Efficient Last-Iterate Convergence in Solving Extensive-Form Games
–Neural Information Processing Systems
To establish last-iterate convergence for Counterfactual Regret Minimization (CFR) algorithms in learning a Nash equilibrium (NE) of extensive-form games (EFGs), recent studies reformulate learning an NE of the original EFG as learning the NEs of a sequence of (perturbed) regularized EFGs. Hence, proving last-iterate convergence in solving the original EFG reduces to proving last-iterate convergence in solving (perturbed) regularized EFGs. However, these studies only establish last-iterate convergence for Online Mirror Descent (OMD)-based CFR algorithms instead of Regret Matching (RM)-based CFR algorithms in solving perturbed regularized EFGs, resulting in a poor empirical convergence rate, as RM-based CFR algorithms typically outperform OMD-based CFR algorithms. In addition, as solving multiple perturbed regularized EFGs is required, fine-tuning across multiple perturbed regularized EFGs is infeasible, making parameter-free algorithms highly desirable.
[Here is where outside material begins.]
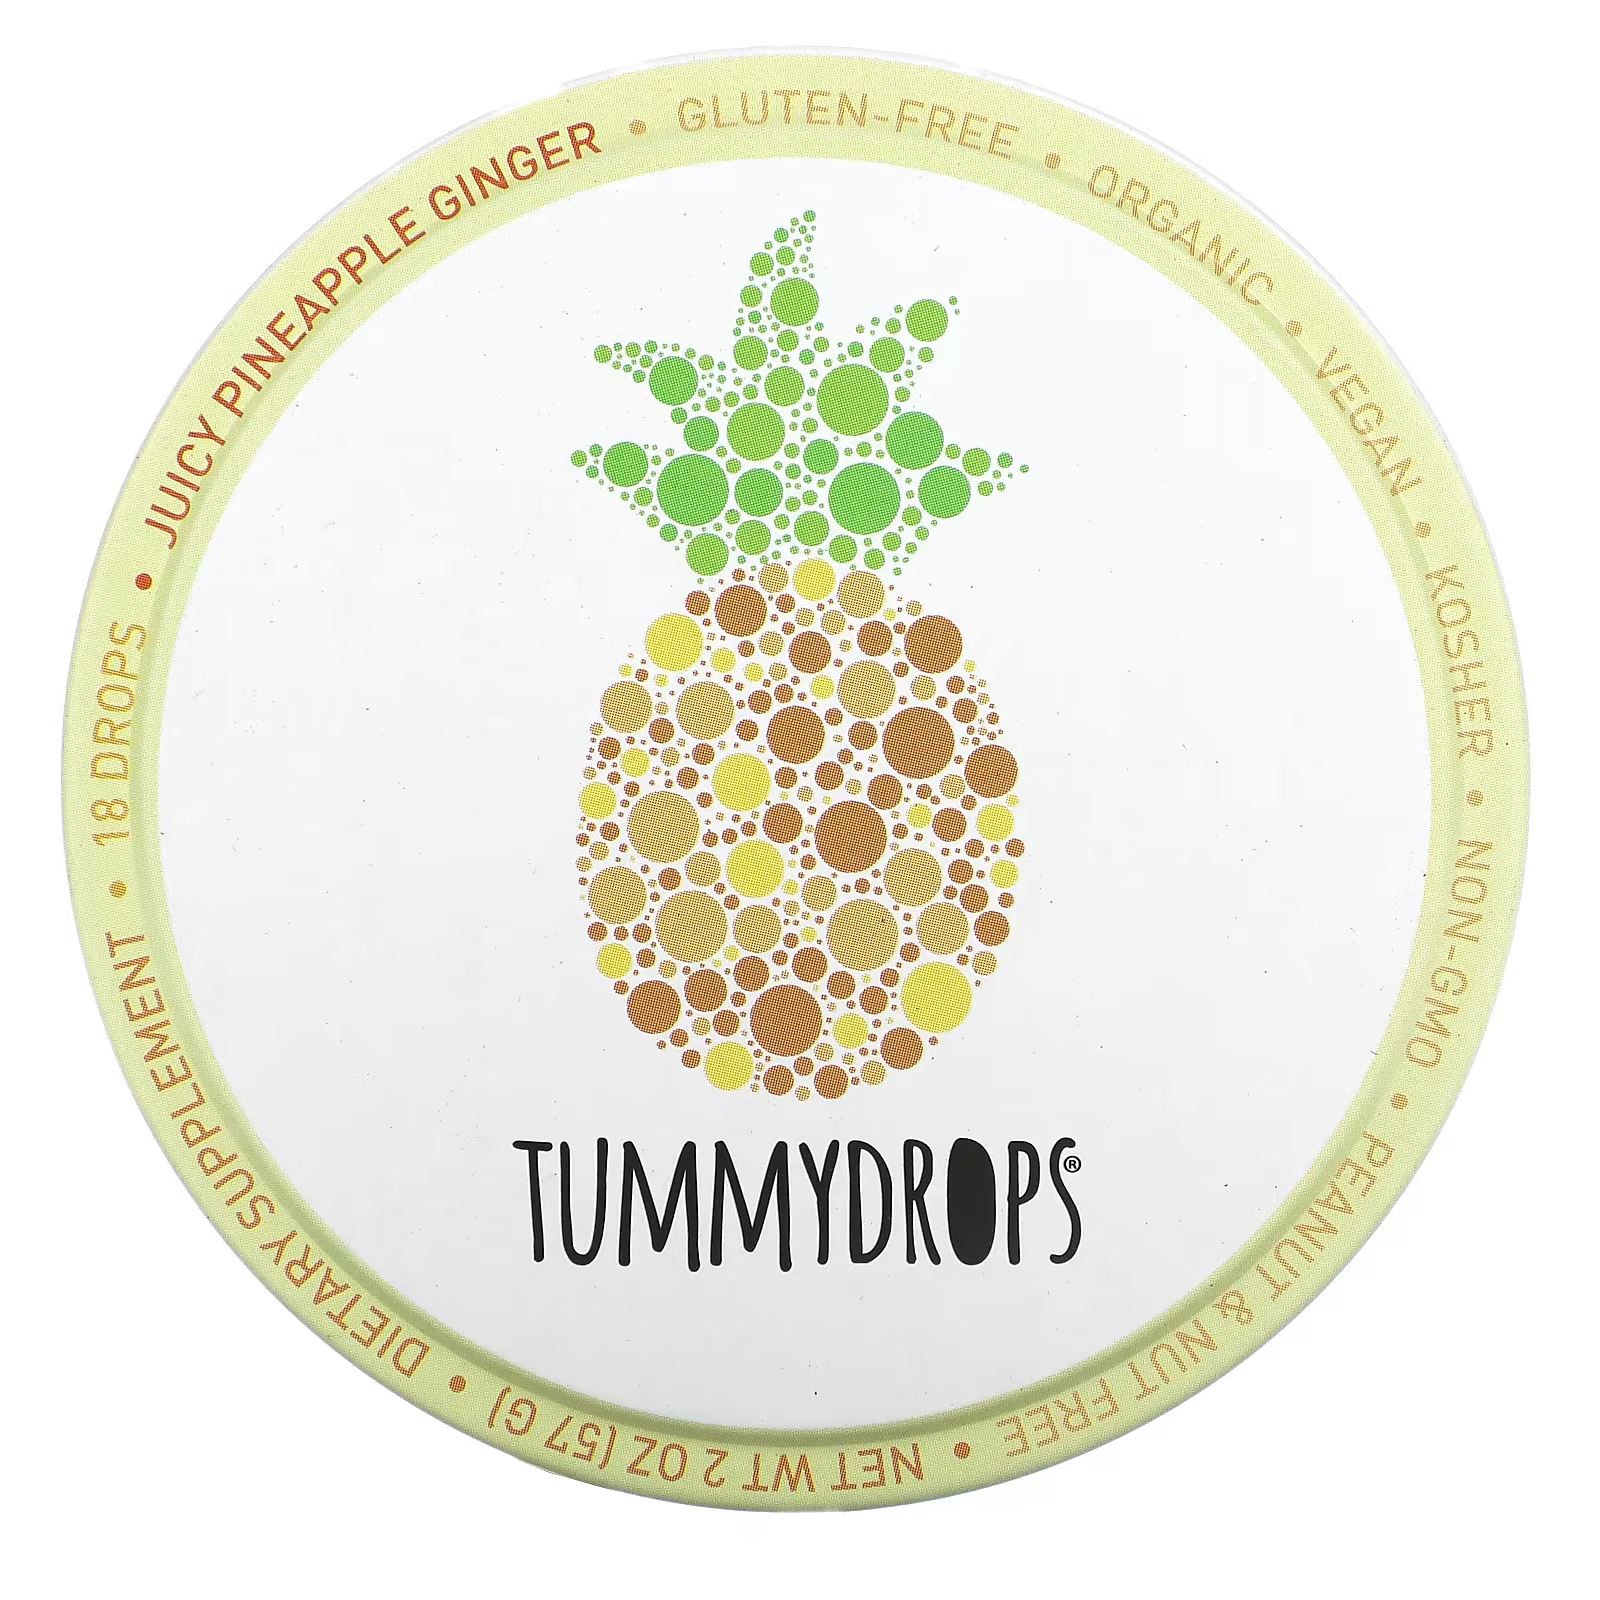 Капли имбирные Tummydrops ананасовые, 18 капель tummydrops органическая карамель тыква имбирь 18 капель 57 г 2 унции

This paper show that CFR+, a classical parameter-free RM-based CFR algorithm, achieves last-iterate convergence in learning an NE of perturbed regularized EFGs. This is the first parameter-free last-iterate convergence for RM-based CFR algorithms in perturbed regularized EFGs. Leveraging CFR+ to solve perturbed regularized EFGs, we get Reward Transformation CFR+ (RTCFR+). Importantly, we extend prior work on the parameter-free property of CFR+, enhancing its stability, which is vital for the empirical convergence of RTCFR+. Experiments show that RTCFR+ exhibits a significantly faster empirical convergence rate than existing algorithms that achieve theoretical last-iterate convergence.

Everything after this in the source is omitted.